What fewer people know is that he has amassed credits as an actor — he was the groom in the 2008 Jonathan Demme film "Rachel Getting Married." And fewer people still know that he spends considerable energy painting and creating animation beyond TV on the Radio projects.
Yet Adebimpe described visual art as his first love. "When I started with a band, I was concerned that it would take me away from my art making," he said by phone last week. "It's grounding for me; it's the way I end up processing the world."

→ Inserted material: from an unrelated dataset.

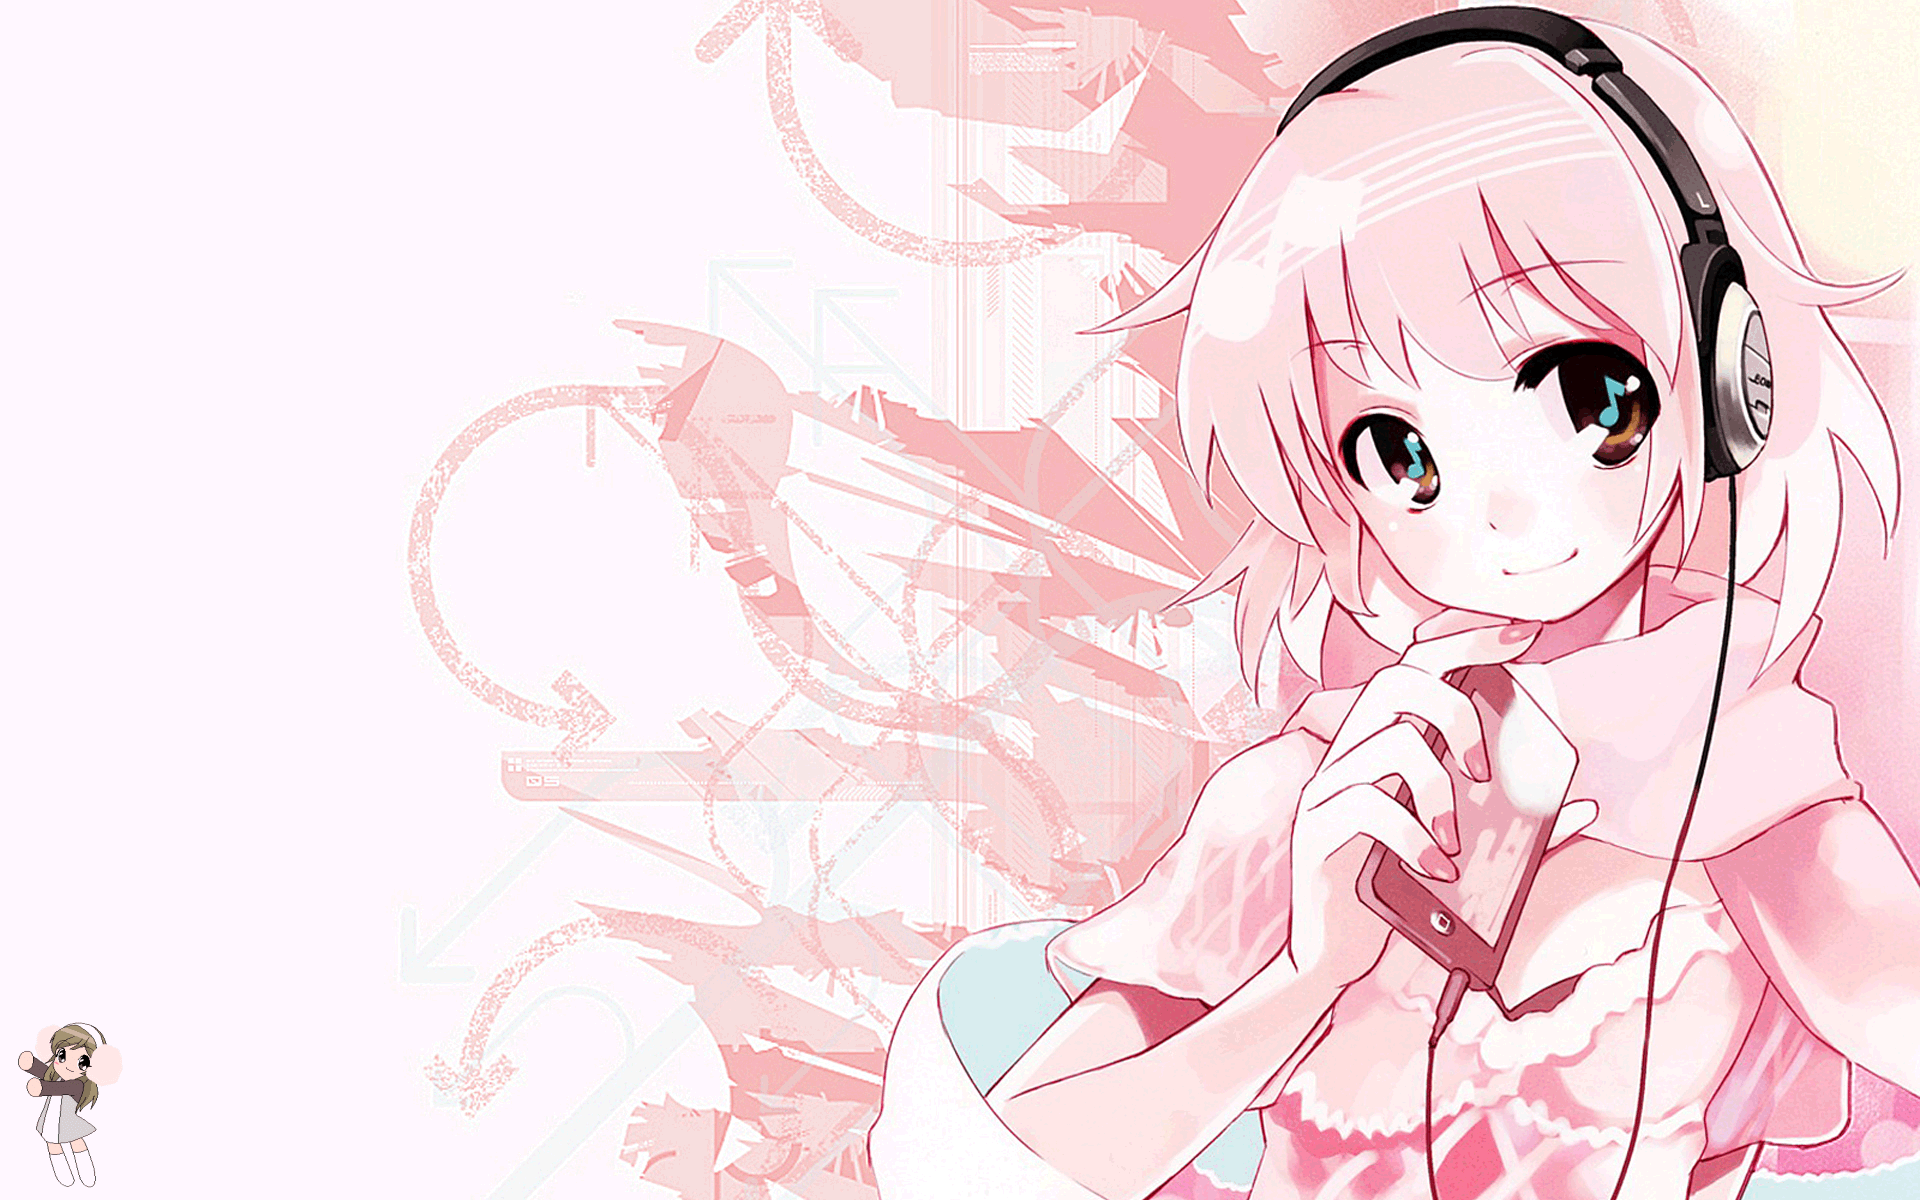 Pink Anime   Wallpaper 37413 1920x1200

And now, for the first time in his career, he has the chance to blend his original art and music making for a single performance. His "A Warm Weather Ghost" will premiere Thursday for a three-night engagement at Walker Art Center in Minneapolis. The show will include seven musicians — including two horn players — plus the prerecorded voice of a disembodied narrator (performing the role of a dead person) for an experience that "feels like a warm, psychedelic tropic," Adebimpe said.
Meanwhile, his paintings and drawings will be projected on a single screen. He hasn't decided whether a second projector will screen images on the performers as well.
The concept for this ambitious multimedia project was born circa 2013. With a break from touring with TV on the Radio, Adebimpe found himself reflecting on a flurry of recent deaths of people he loved. "At first I didn't know whether I wanted to make an animated film piece or something to accompany music," he said.
As time went on, he settled on what he called the "wish." "My attitude toward death is always something that has shifted — it is not a negative attitude," he explained. So he wanted to create "this expansive, welcoming, exciting psychedelic experience that has nothing to do with pain or suffering — you are done with all that. Is it prebirth? Is it afterlife? I have no idea. It is just this wish."
That's why Adebimpe stressed that the show's theme — death and resurrection — is merely the "casing for an impressionistic piece."